Asian Flank Steak Salad
- 2 tbsp peeled & grated fresh ginger
- ½ cup soy sauce
- 2 tbsp Asian fish sauce
- 2 tbsp toasted sesame oil
- 3 garlic cloves, minced
- 2 green onions (white & green portions), thinly sliced
- 1 shallot, minced
- 1 Thai chili, seeded & thinly sliced
- 1 lime, zest & juice
- 1 flank steak, 1½ to 1¾ lb, trimmed
- 1 head Bibb lettuce, torn into small pieces
- 1 heart of romaine lettuce, 1-inch chunks
- 1 carrot, peeled & shredded
- 1 cucumber, peeled, seeded & shredded
- 1 small red onion, thinly sliced
- 2 tbsp each minced fresh basil, mint & cilantro, plus small leaves for garnish
- 1 lb cellophane noodles, soaked in water until soft, drained
- Make marinade by whisking together first nine ingredients in a bowl. Reserve half the marinade in separate, small bowl.
- Use a sharp knife to score steak on both sides in a crosshatch pattern, no more than ½-inch deep. Place in shallow dish, pour first bowl of marinade on top and turn to coat. Cover and refrigerate at least 1 hour or overnight.

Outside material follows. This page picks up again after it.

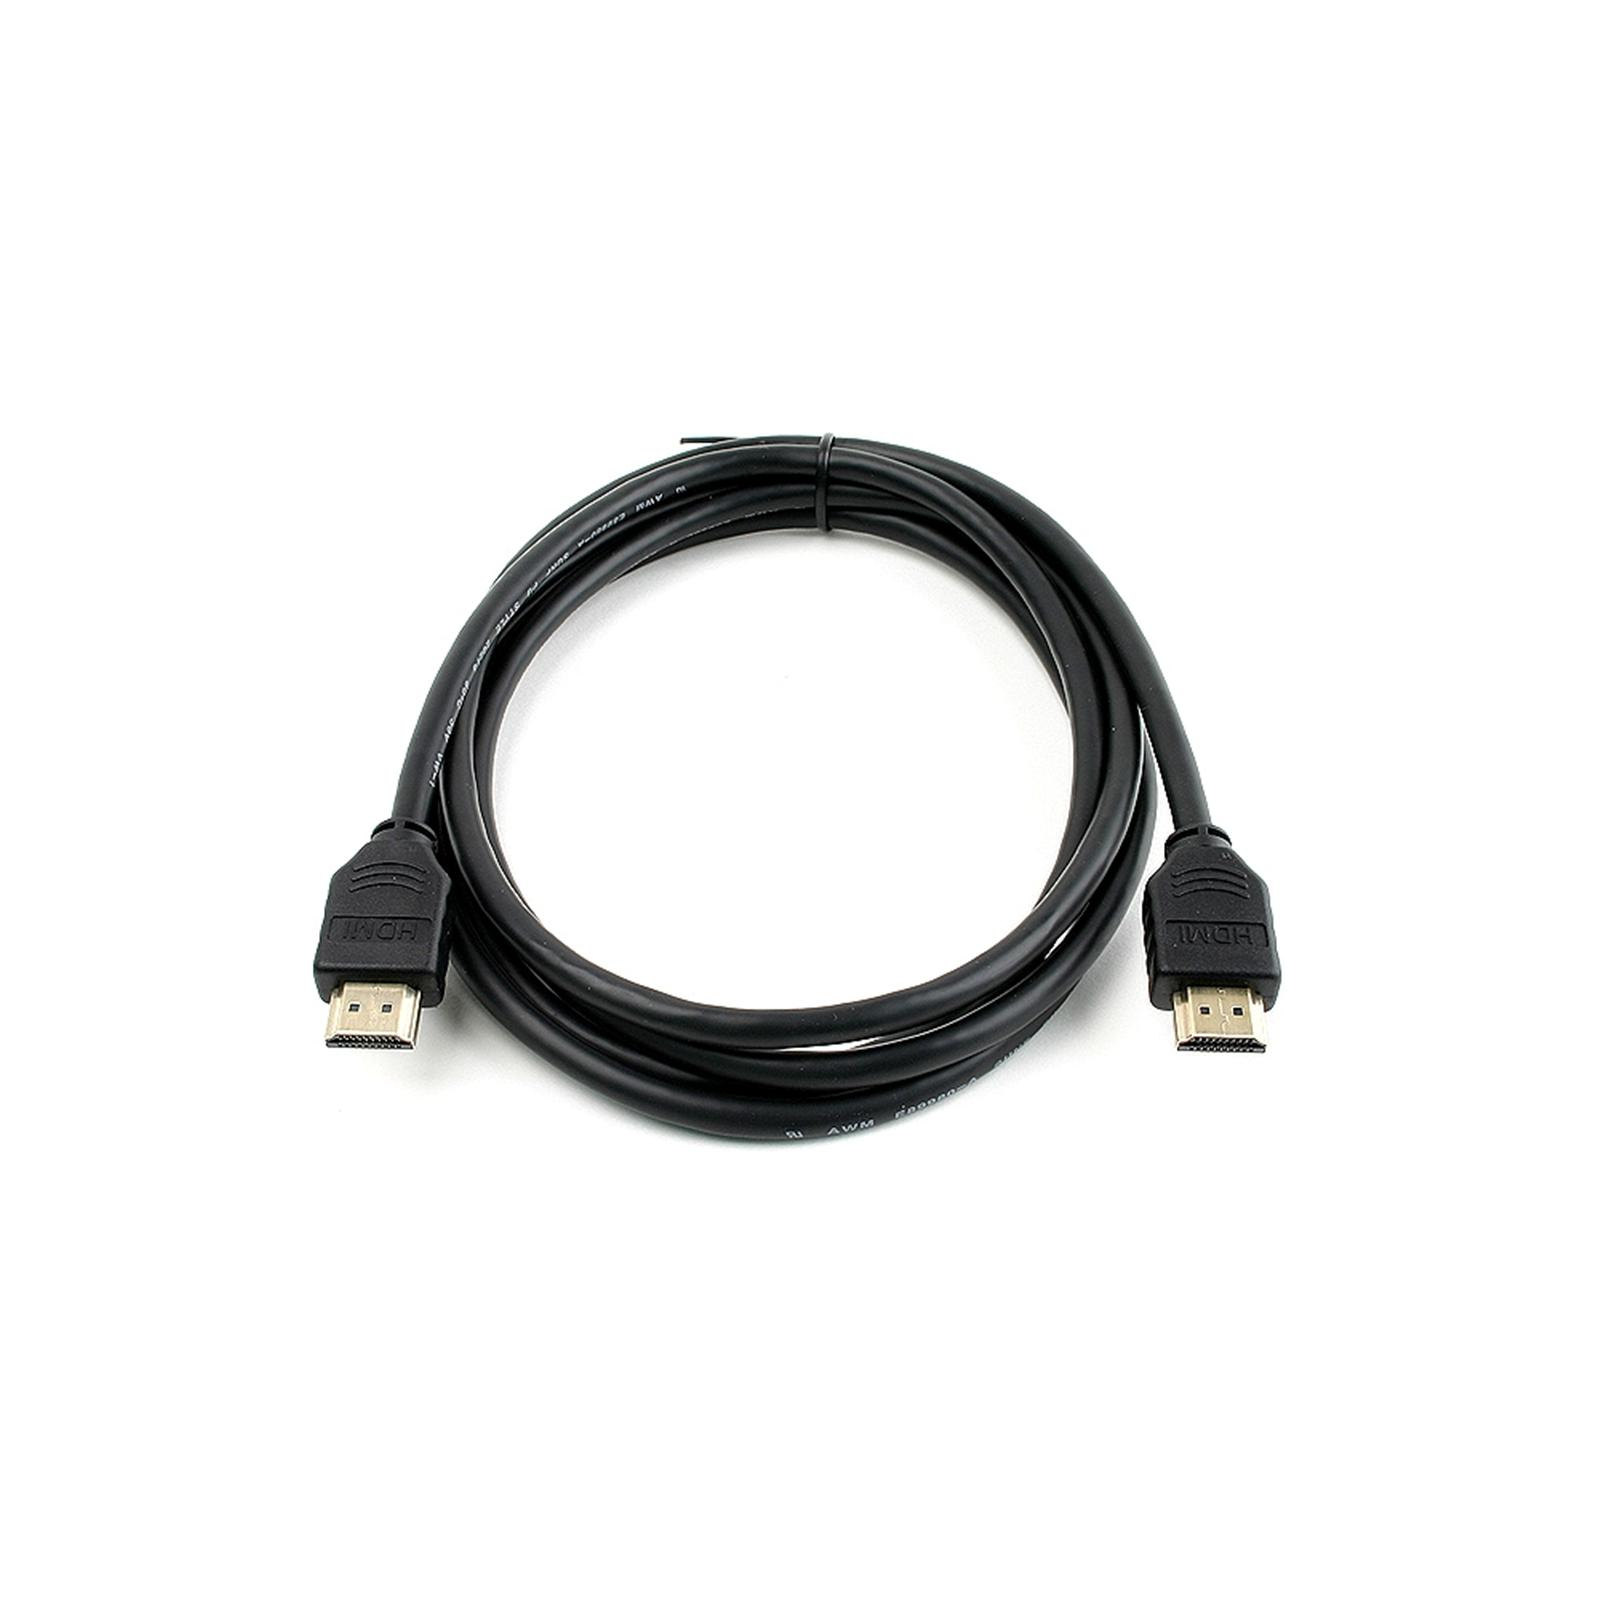 Кабель мультимедийный HDMI to HDMI 4.5m Patron (CAB-PN-HDMI-1.4-45)

- Prepare medium-hot fire in a grill. Remove steak from marinade; let excess drip back into dish and discard. Pat dry with paper towels and season generously with salt and pepper. Place on grill directly over heat and cook, turning once and brushing with some reserved marinade, to desired level of doneness. Transfer to carving board, cover loosely with aluminum foil and let rest 5 minutes.
- Assemble salad by dividing equal portions of lettuces, carrot, cucumber, red onion, minced basil, mint and cilantro; add noodles. Pour 1 tbsp reserved marinade over each. Slice steak across the grain into thin strips and place on top. Garnish with basil, mint and cilantro leaves. Serve immediately.